# [DATASET SECTION]
══════
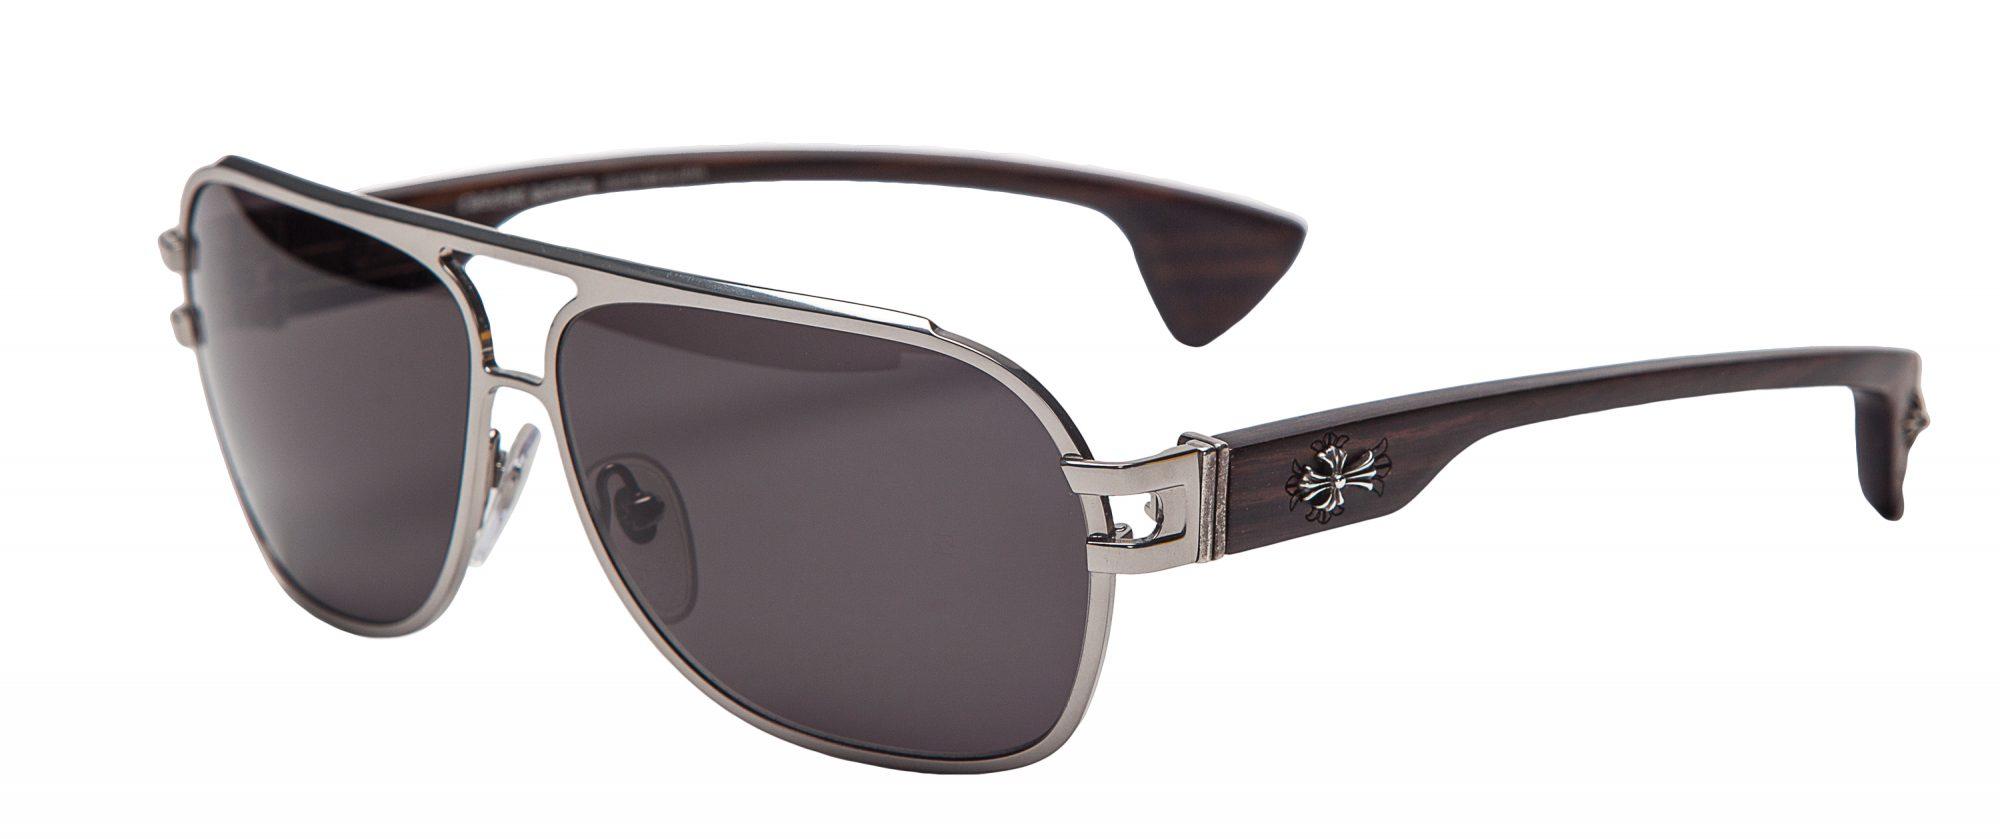 FOR-WEB_cool-hunters-4-glasses
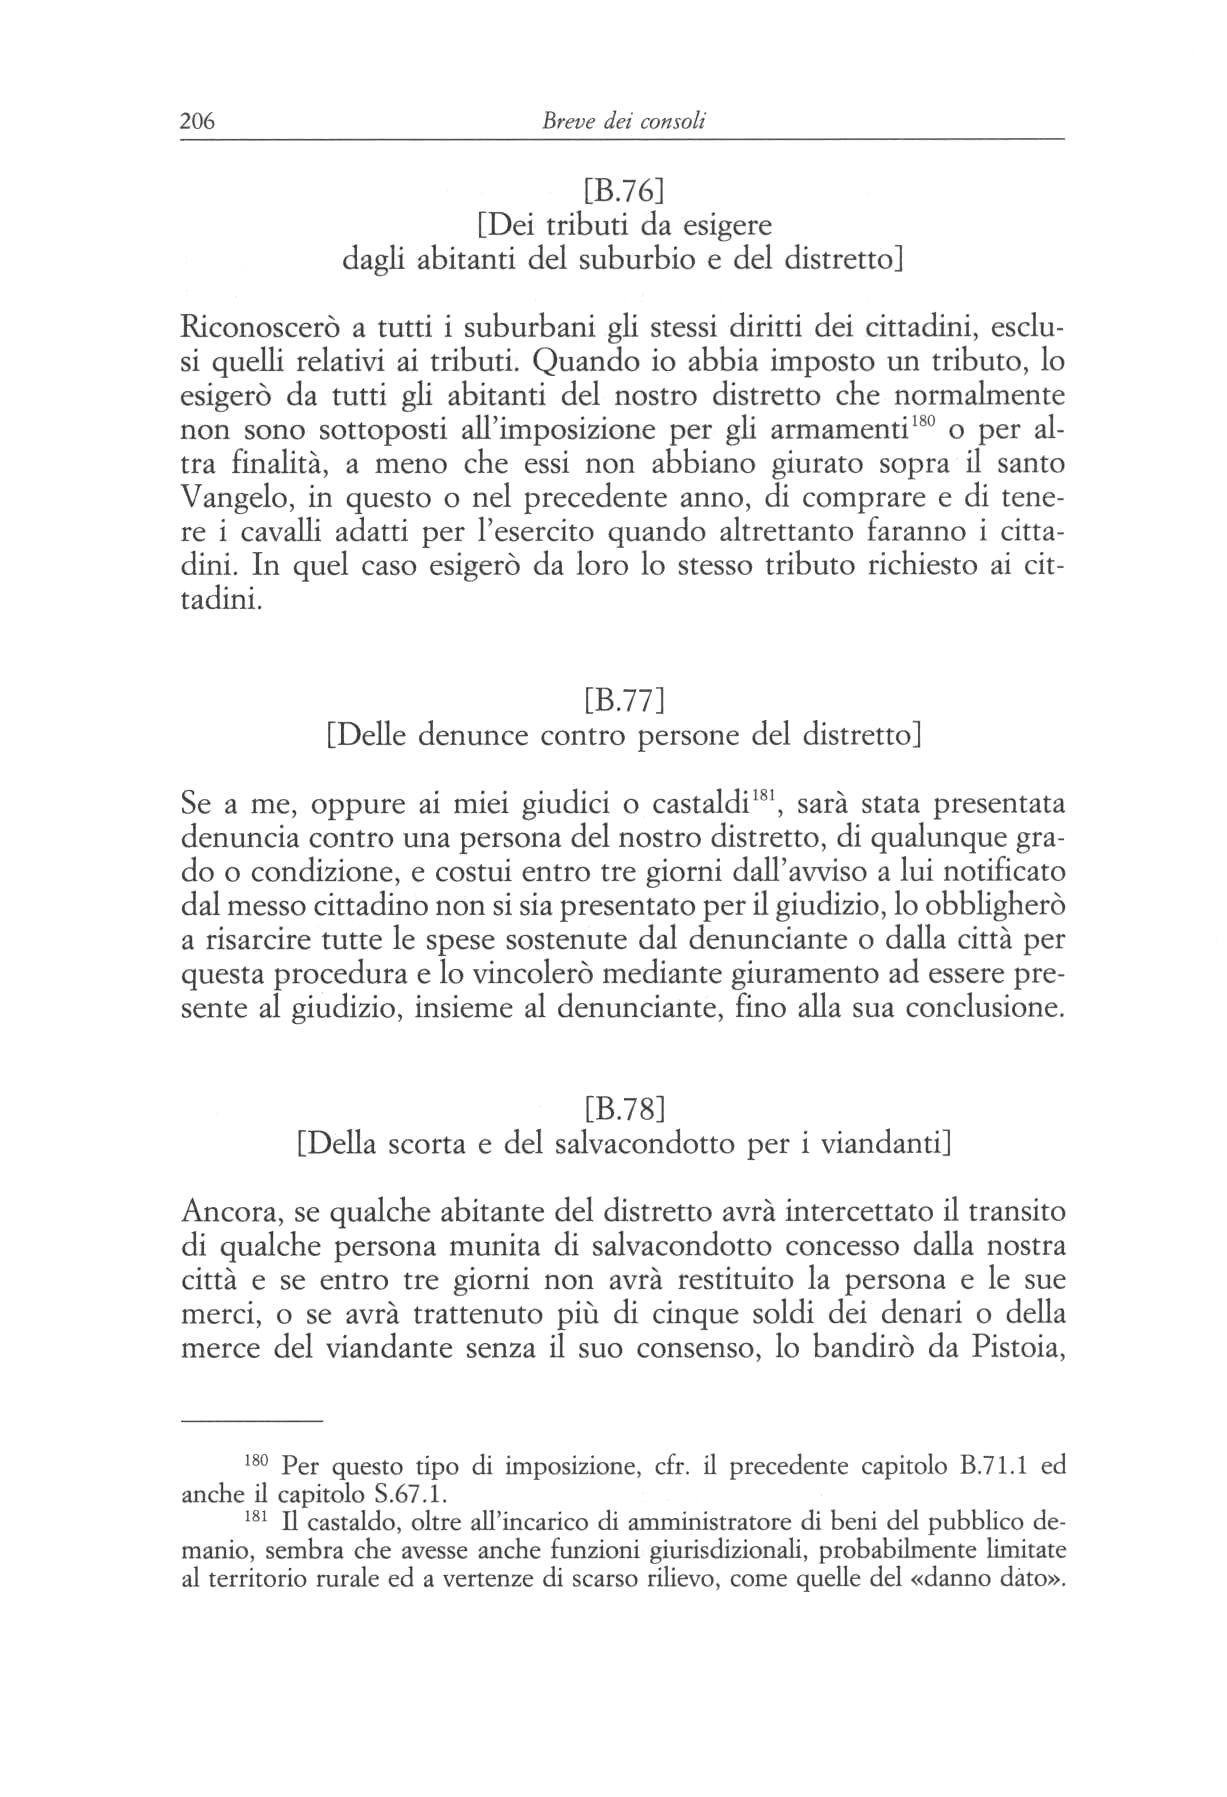 statuti pistoiesi del sec.XII 0206.jpg
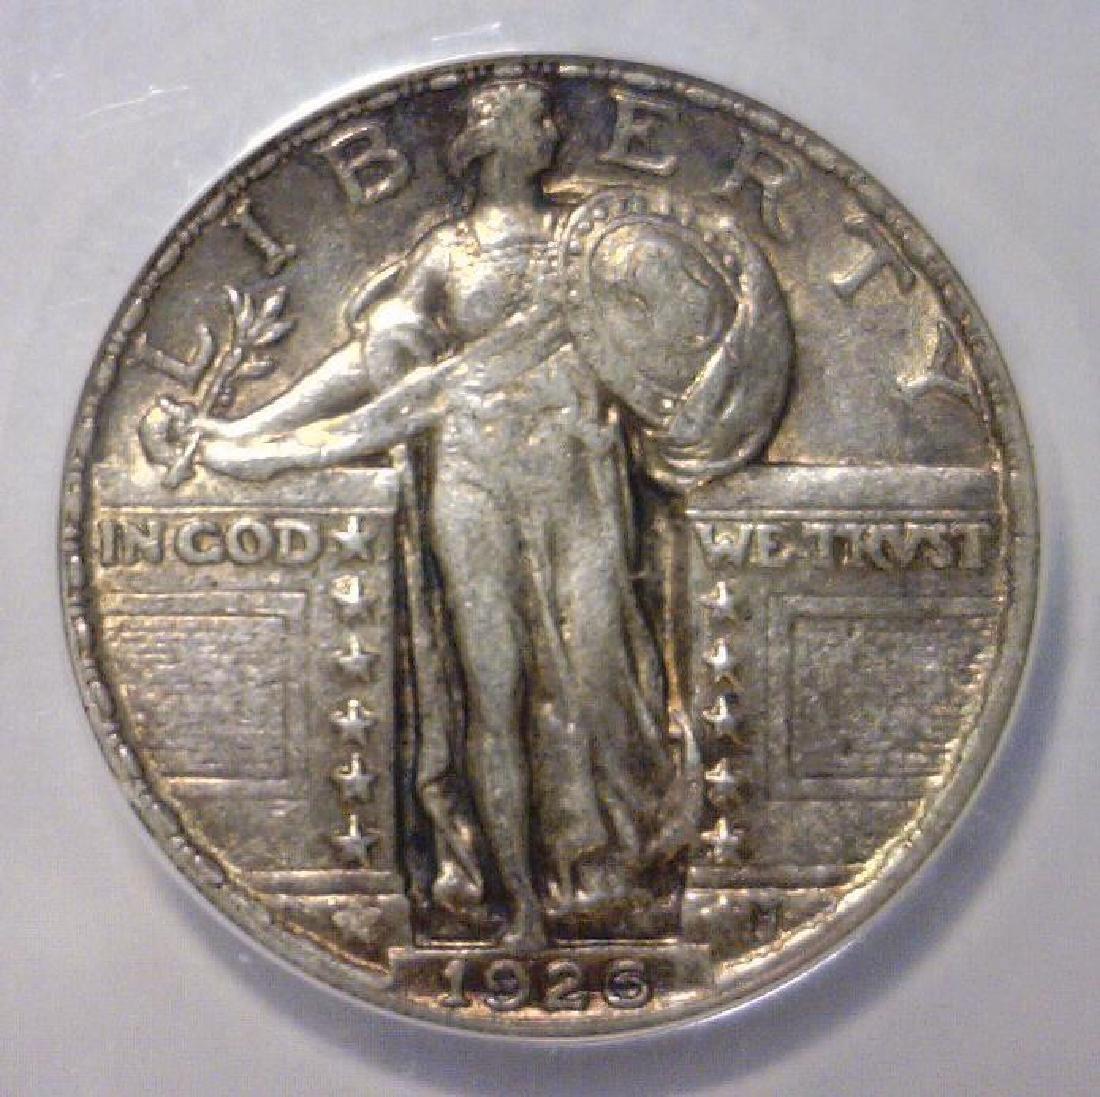 1926 Standing Liberty Silver Quarter ANACS XF EF45
══════
# [TRY IT]
Restate the full listing verbatim and drop every picture.

# [SOLUTION BELOW]
 FOR-WEB_cool-hunters-4-glasses
 statuti pistoiesi del sec.XII 0206.jpg
 1926 Standing Liberty Silver Quarter ANACS XF EF45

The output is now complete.